Delta Lake’s log approach is simpler to implement but can accumulate many JSON files in high-commit scenarios (mitigated by checkpointing).
Catalog and Multi-Engine Support
Apache Iceberg: Built around a fully abstracted, engine-neutral catalog API. Any catalog (HMS, Glue, Nessie, Polaris, JDBC) implements the catalog interface. Multiple engines connect via the Iceberg REST Catalog specification — a published, open API standard.
Delta Lake: Natively integrated with the Databricks Unity Catalog. Multi-engine support added retroactively via UniForm (Delta tables automatically generate Iceberg metadata), but external engines are read-only on UniForm tables.
Row-Level Deletes
Apache Iceberg: First-class, spec-level support for row-level deletes via:
- Positional delete files (Spec v2).
- Equality delete files (Spec v2).
- Deletion vectors (Spec v3 — compact, bitmap-based).

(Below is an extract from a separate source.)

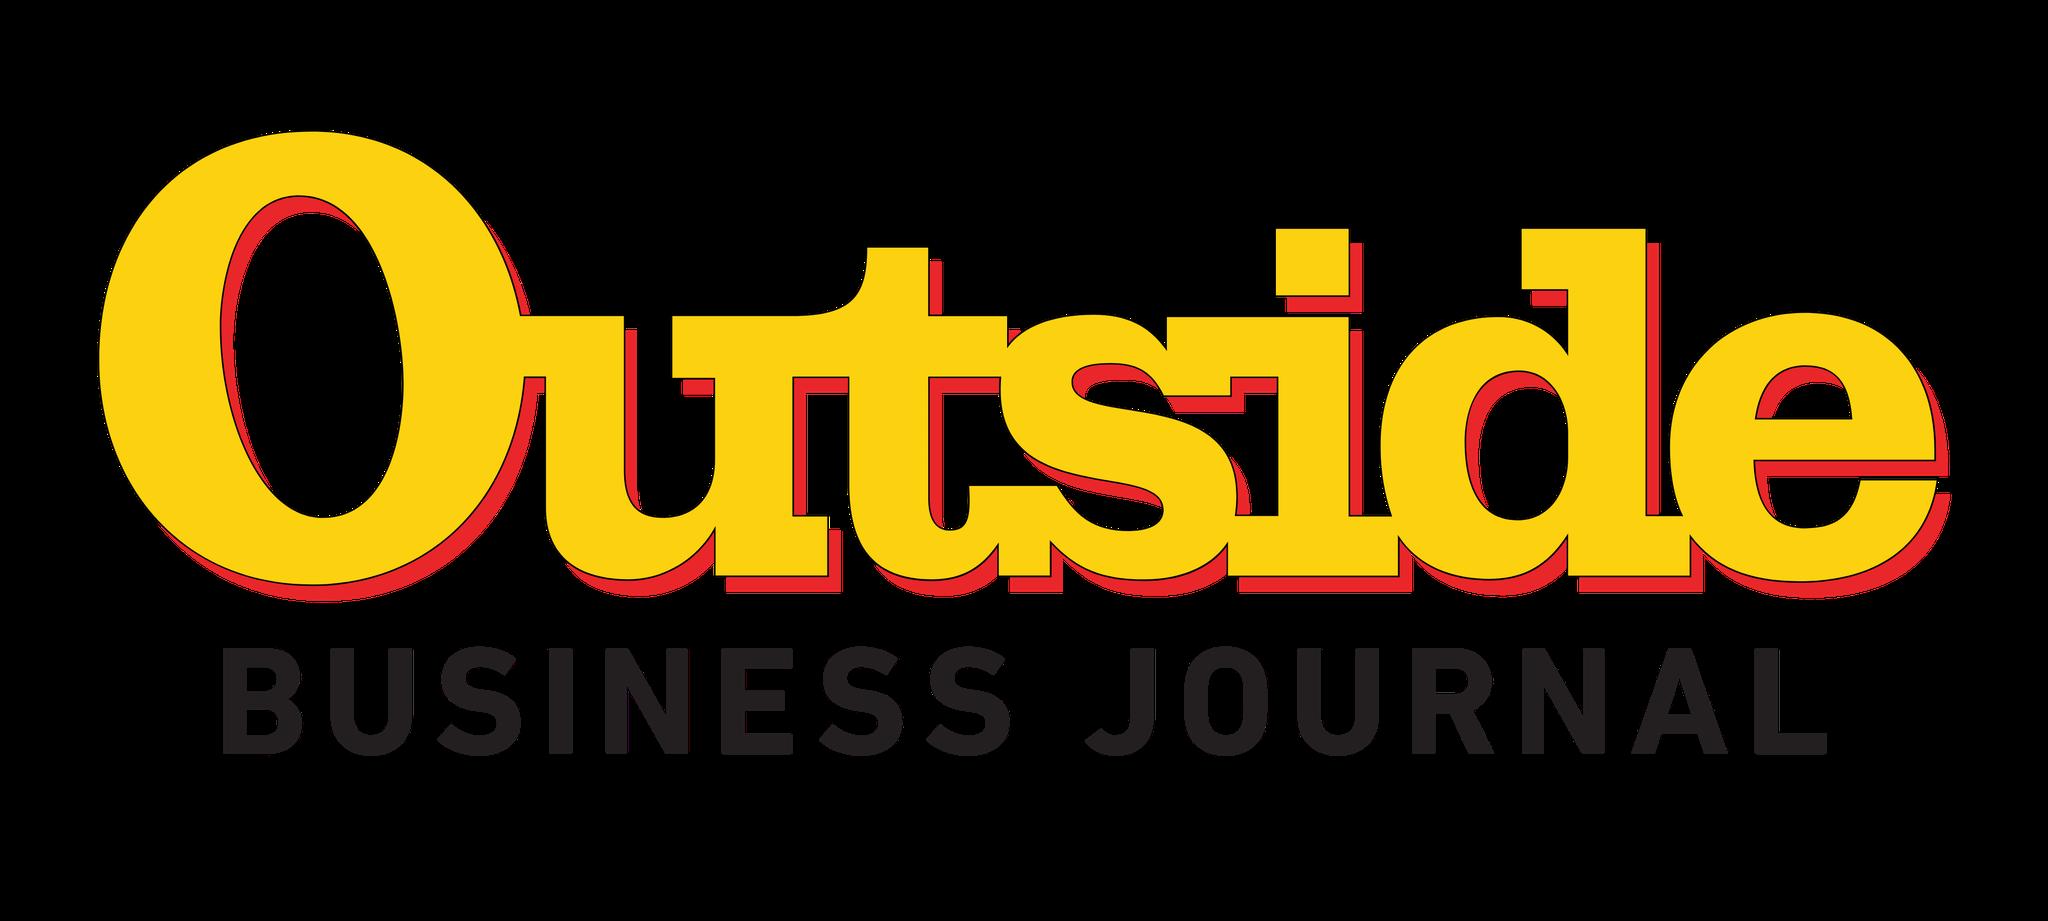 Outside Business Journal
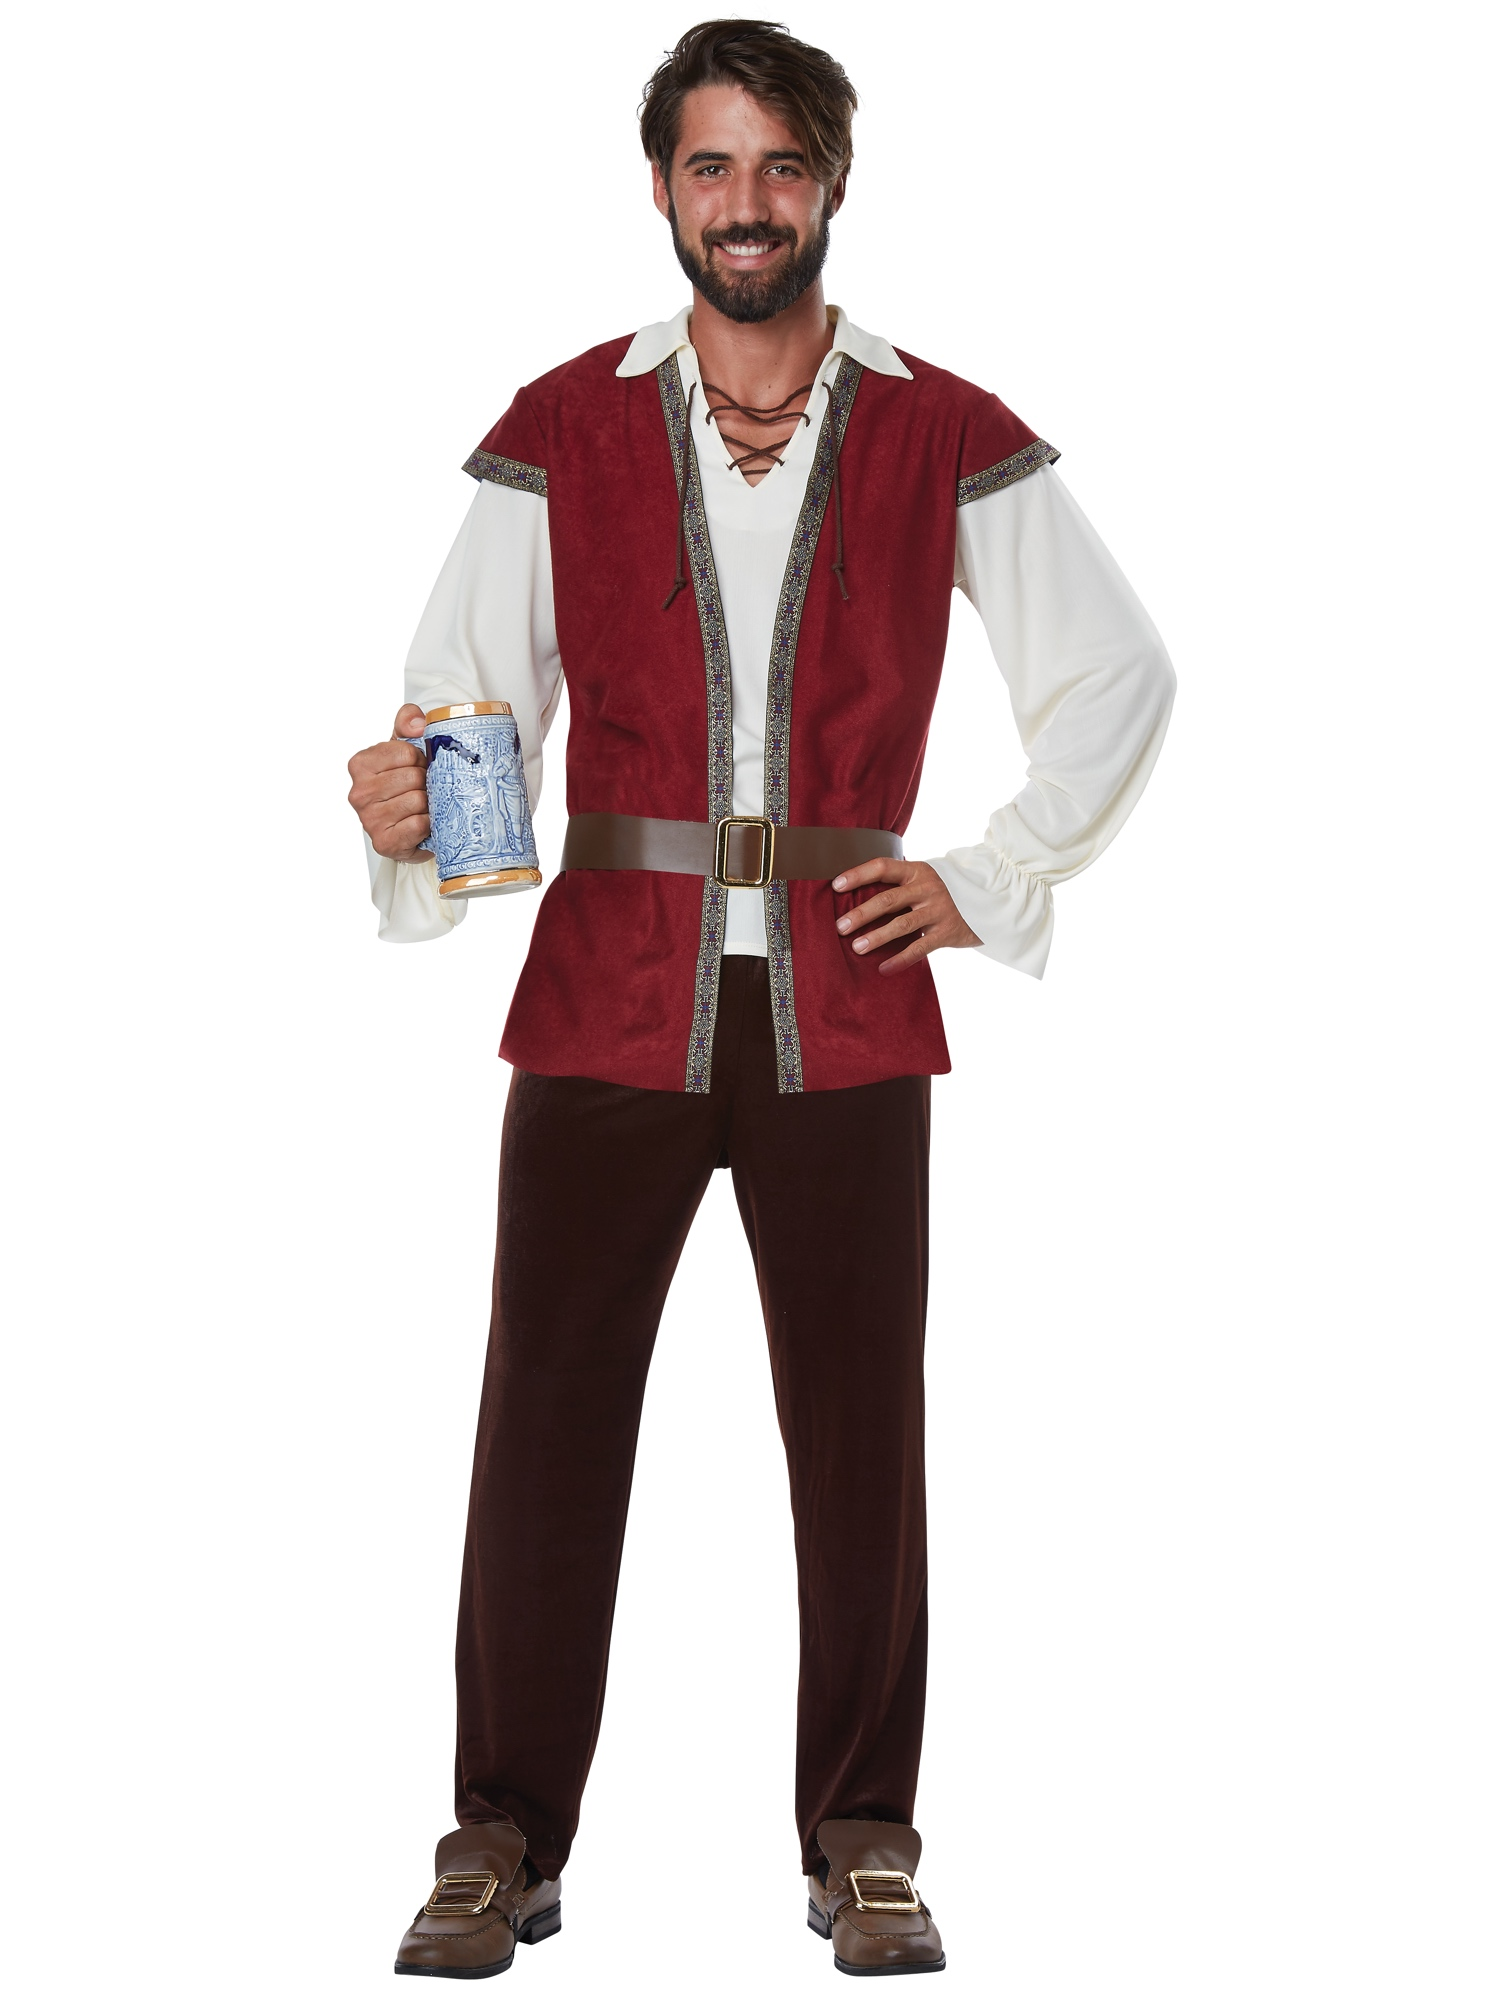 XL Mens Oktoberfest Tavern Man Game of Thrones Medieval Costume Size S

Delta Lake: Row-level deletes via deletion vectors (Delta 2.0+) stored as compact bitmaps. Functionally similar to Iceberg’s deletion vector approach but implemented in the Delta transaction log.
Feature Comparison
| Feature | Apache Iceberg | Delta Lake |
|---|---|---|
| Time travel | Yes (snapshot-based) | Yes (version-based) |
| Schema evolution | Full (column IDs) | Full |
| Partition evolution | Yes (metadata-only) | Partial (requires rewrites) |
| Hidden partitioning | Yes | No |
| Multi-engine reads | Excellent (REST Catalog) | Good (UniForm — read-only) |
| Multi-engine writes | Excellent | Limited (Databricks primary writer) |
| Branching and tagging | Yes (table-level) | No (catalog-level via Unity) |
| Open catalog standard | REST Catalog spec | Unity Catalog API (proprietary) |
| Streaming support | Yes (Flink, Spark Streaming) | Yes (Spark Streaming, DLT) |
| DML (UPDATE/DELETE/MERGE) | Full (Spec v2) | Full |
| Governance | Apache Foundation | Linux Foundation |
Ecosystem Support
Apache Iceberg is supported natively by every major query engine:
- Spark, Flink, Trino, Presto, Dremio, Athena, BigQuery, Snowflake, DuckDB, PyIceberg, StarRocks, Doris, Hive 4.x, and more.
- AWS, GCP, and Azure all have native managed Iceberg services (S3 Tables, BigLake, Fabric).
Delta Lake is supported by:
- Spark (best-in-class), Databricks Runtime (best-in-class).
- Trino, Flink, Redshift, BigQuery, Athena, and others via the Delta connector.
- Databricks Unity Catalog as primary governance.
Delta’s ecosystem is narrower than Iceberg’s, particularly outside the Spark/Databricks world.
When to Choose Apache Iceberg
- You need true multi-engine writes (Spark + Flink + Dremio + Trino, all as first-class writers).
- You require open catalog governance (Apache Polaris, Nessie, Glue — all vendor-neutral).
- You are building on AWS, GCP, or Azure without Databricks as the center.
- You need AI agent and MCP integration via Dremio’s Agentic Lakehouse.
- Governance and compliance via Apache Foundation ownership.
When Delta Lake May Be Preferred
- You are all-in on Databricks and want the tightest platform integration.
- Your primary compute is Spark via Databricks Runtime.
- You rely on Databricks-specific features (Delta Live Tables, Photon, DBSQL).
- You want Unity Catalog as your governance platform within the Databricks world.
The Industry Trajectory
Since 2023, the industry has clearly consolidated on Apache Iceberg as the multi-engine interoperability standard. Evidence:
- Snowflake co-created Apache Polaris with Dremio and launched Snowflake Open Catalog.
- AWS launched S3 Tables (native managed Iceberg).
- Google launched BigLake Managed Tables (native Iceberg).
- Databricks itself added UniForm (Delta → Iceberg compatibility) — acknowledging Iceberg’s ecosystem dominance.
Even Delta Lake’s vendor (Databricks) has invested in Iceberg compatibility, which signals where the ecosystem is heading.